Warren v. Louisiana Medical Mutual Insurance Co.

JOHNSON, Justice,

dissents and assigns reasons.

|,I must respectfully dissent from the majority’s opinion on rehearing. This Court granted defendants’ application for rehearing to consider whether our opinion on original hearing conflicts with this Court’s opinion in Borel v. Young, 07-C-0419 (La.11/27/07), 989 So.2d 42 (on reh’g). Because I find no conflict with our decision in Borel, I would reinstate our original judgment, affirming the decision of the court of appeal.

*209In our original opinion, we found that the Plaintiffs’ amendment to their petition, filed almost four years after death, adding a major child’s survival and wrongful death claims (Sarah Warren Jimenez), related back to the timely filing of the original petition. This Court applied La. C.C.P. art. 1153 and the factors set forth in Giroir v. South La. Med. Ctr., Div. Of Hospitals, 475 So.2d 1040 (La.1985) in finding that the amendment related back to the date of filing of the original petition for wrongful death and survival actions by the wife and another major child of the |2decedent against the defendant health care providers.

In them application for rehearing, defendants argue that our original opinion is in conflict with Borel, and creates a different standard for late-added plaintiffs and late-added defendants.1 Unlike this matter, Borel involved the plaintiffs’ attempt to add a new and unrelated defendant to a pending medical malpractice suit. In this case, all defendants were timely sued. There is no concern in this case, unlike Borel, about any conflict between the general codal articles on interruption of prescription and the specific provisions of the Medical Malpractice Act relating to suspension of prescription. As the Plaintiffs have pointed out, the issue here is not about interrupting or suspending prescription. La. C.C.P. art. 1153 provides that “[w]hen the action or defense asserted in the amended petition or answer arises out of the conduct, transaction, or occurrence set forth in the original pleading, the amendment relates back to the date of filing the original petition.” Thus, relation back is neither a suspension or an interruption of prescription, and when applied, it is as if the amended claim has been filed with the original petition.
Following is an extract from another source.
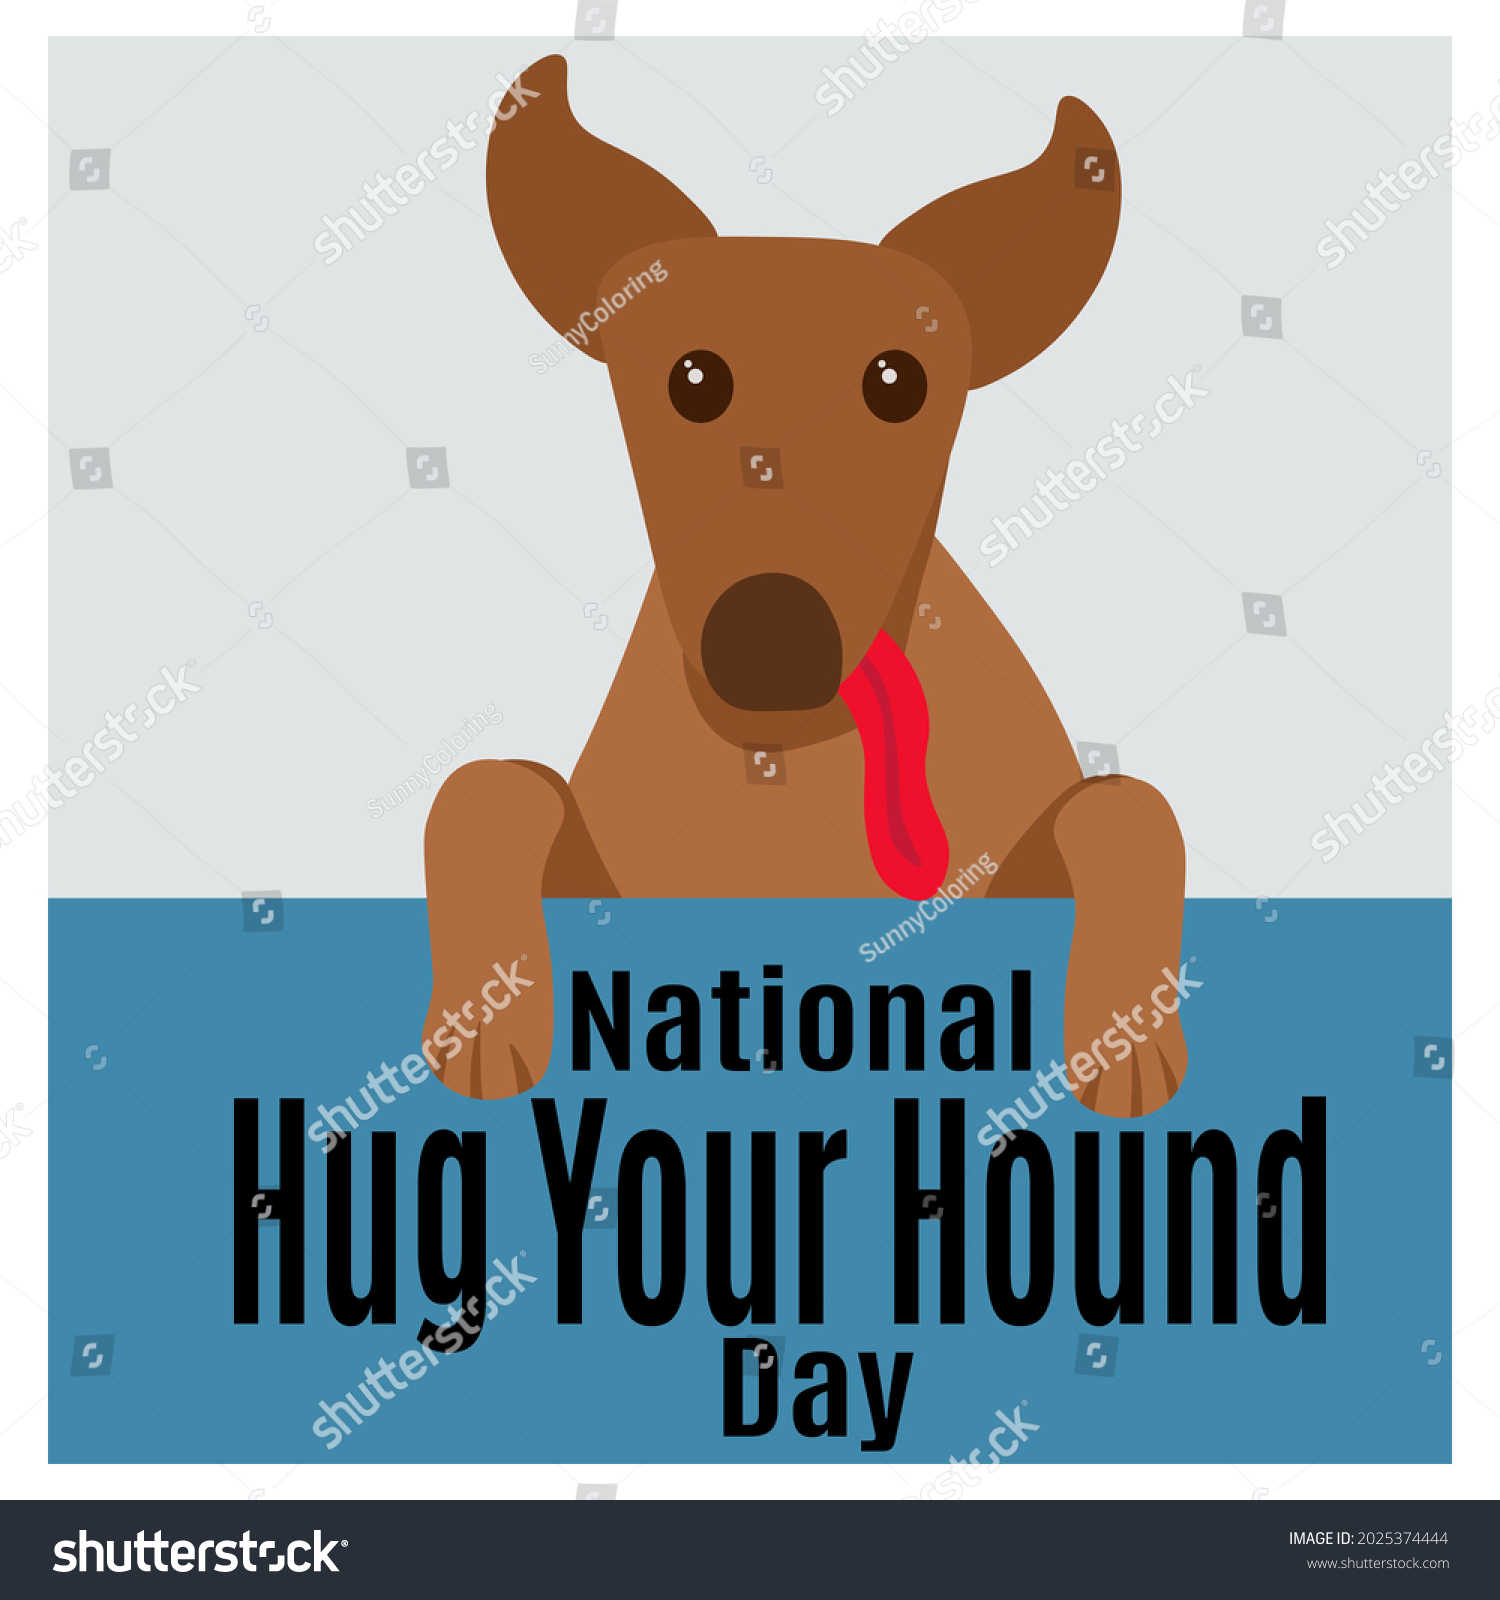 National Hug Your Hound Day Idea Stock Vector (Royalty Free) 2025374444

While the majority acknowledges that the Medical Malpractice Act has no rules relative to relation back of pleadings, the majority still finds that the La. C.C.P. art. 1153 cannot be applied. The majority reasons that any general codal article which conflicts with the provisions of the Medical Malpractice Act cannot be applied to medical malpractice actions in the absence of specific legislative authorization in the Act.
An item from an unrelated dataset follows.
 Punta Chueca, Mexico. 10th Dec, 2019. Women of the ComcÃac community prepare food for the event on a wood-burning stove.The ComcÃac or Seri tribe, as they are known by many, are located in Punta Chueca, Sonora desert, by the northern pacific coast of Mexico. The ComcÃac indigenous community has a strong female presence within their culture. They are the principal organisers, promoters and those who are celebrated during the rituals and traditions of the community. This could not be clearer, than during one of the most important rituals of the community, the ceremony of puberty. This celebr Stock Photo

Contrary to the majority’s holding, I agree with the opinion expressed in Justice Weimer’s concurring opinion on original hearing. Because the Medical Malpractice Act is silent with respect to the issue of relation back of pleadings, I find |sthat there is no conflict between the general codal articles and the specific provisions of the Medical Malpractice Act. Thus, these various provisions should be read in conformity with each other. Gudtreau v. Kucharchuk, 99-2570 (La.5/16/00), 763 So.2d 575, 579. Therefore, I find no reason why La. C.C.P. art. 1153 should not be applied here.2

Because I find that this case is distinguishable from Borel, I find no conflict, and no reason to reverse our original opinion.3

. Defendants also argue that even if there was no conflict with Borel, two of the Giroir factors are not met in this case.

. I would also reaffirm our application of the Giroir factors in this matter

. I also disagree with the majority’s holding that Sarah's survival claim is prescribed. As we held on original hearing, Sarah shares in this cause of action with her sister and mother; therefore, prescription on that cause of action was interrupted when Sarah’s sister and mother timely filed suit against the defendants. I also note that allowing the amendment to add Sarah's survival claim will not affect the defendants’ liability. The addition of this claim will merely affect the division of any judgment proceeds between the plaintiffs.